---------- Provided records

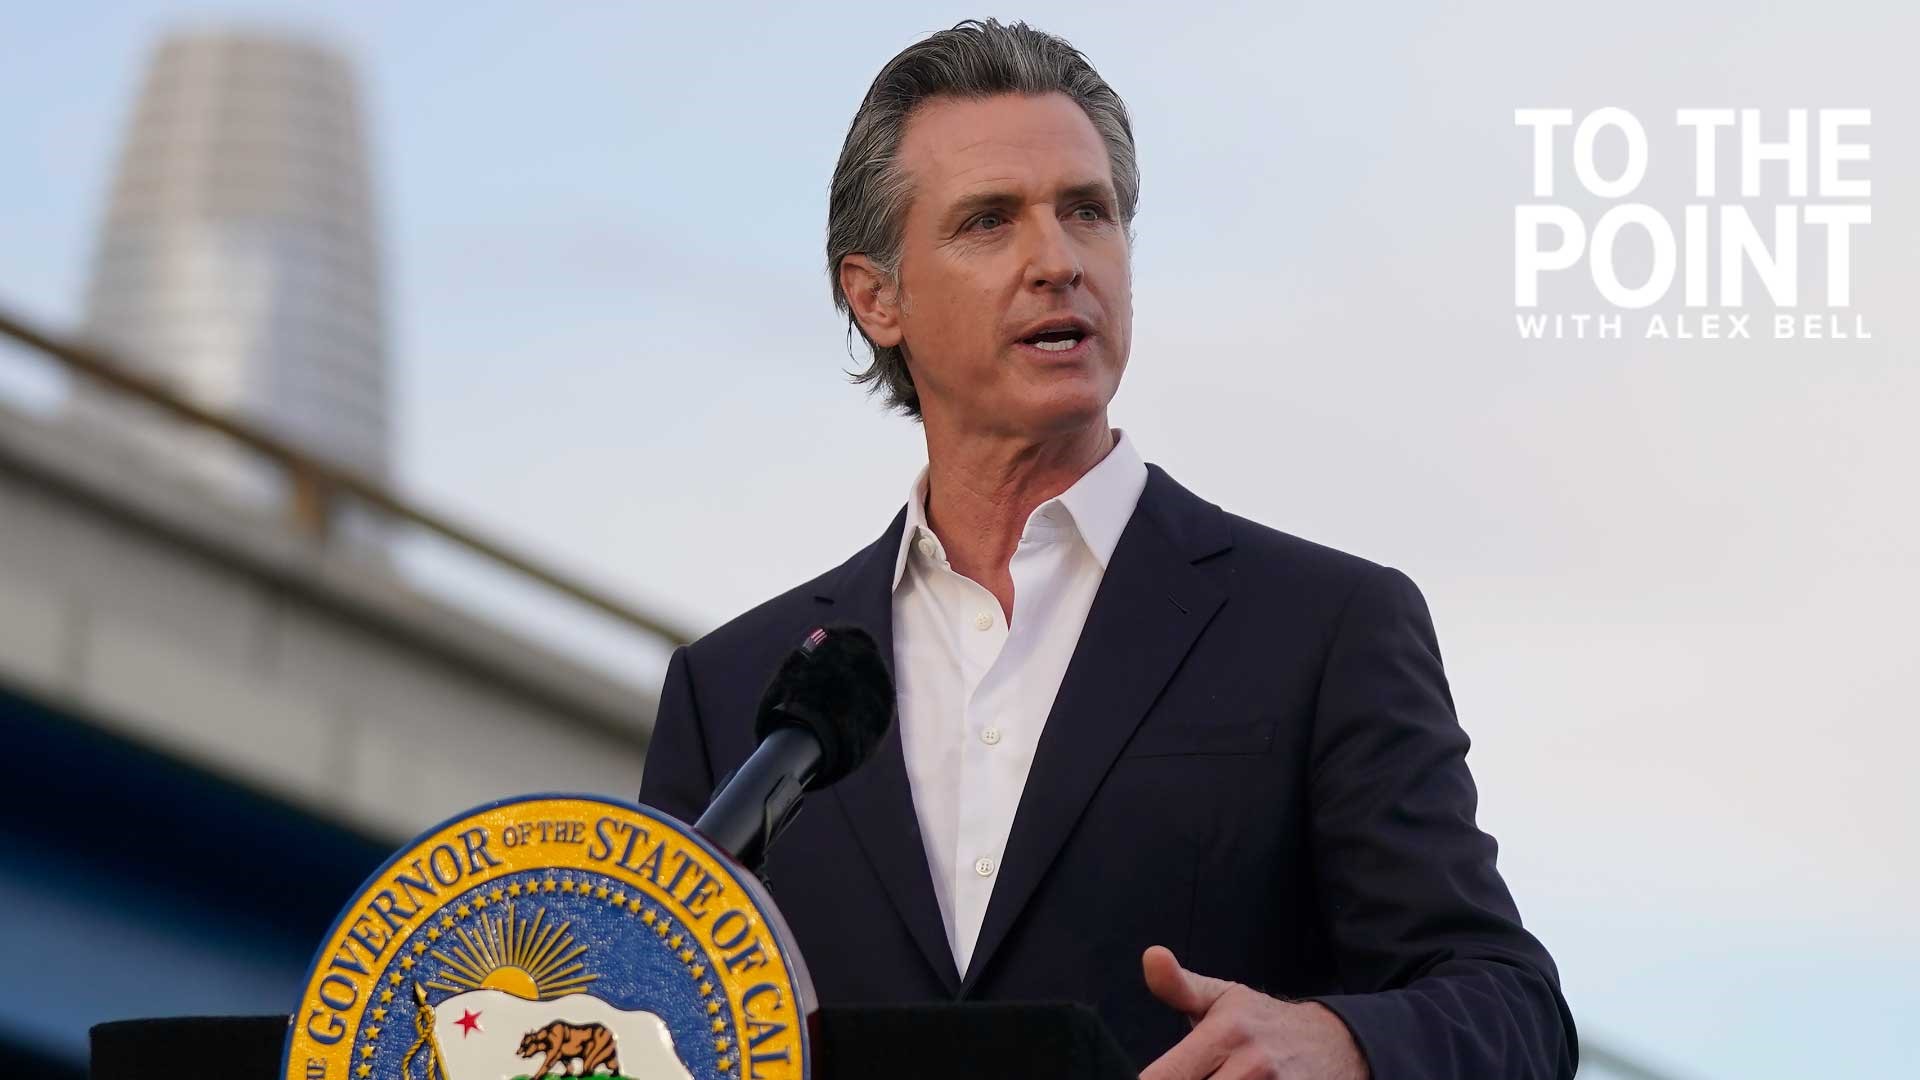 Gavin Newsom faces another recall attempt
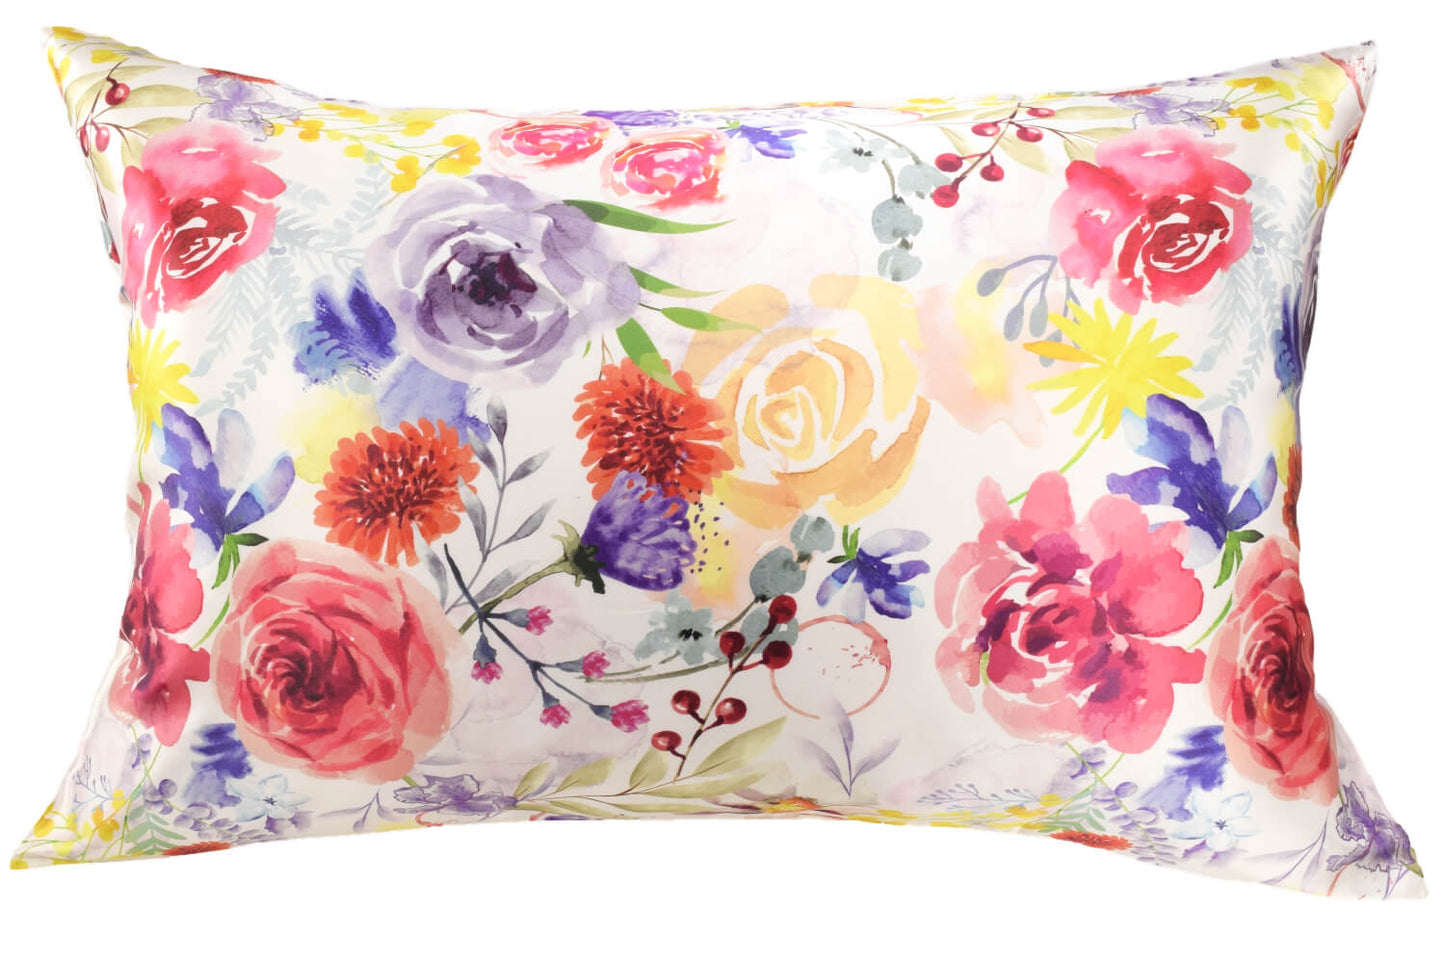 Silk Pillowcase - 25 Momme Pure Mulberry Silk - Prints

--------------------
---------- Provided records

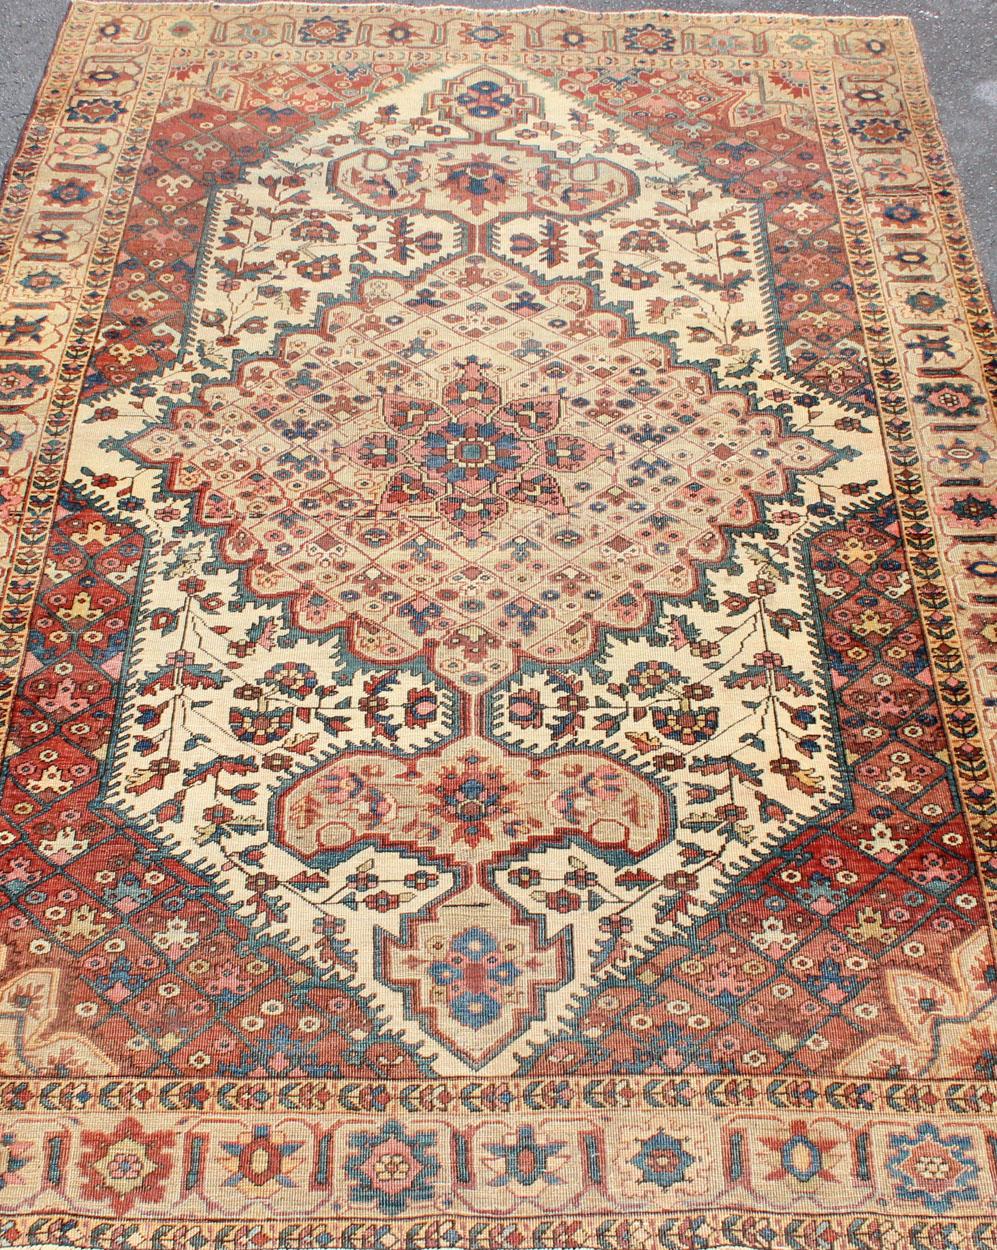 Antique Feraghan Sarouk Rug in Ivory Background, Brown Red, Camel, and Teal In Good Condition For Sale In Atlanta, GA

--------------------

Pictures excluded, give again exactly and only the lines of the material above from the line with "Gavin Newsom faces another recall attempt" through the line with "Silk Pillowcase - 25".

 Gavin Newsom faces another recall attempt
 Silk Pillowcase - 25 Momme Pure Mulberry Silk - Prints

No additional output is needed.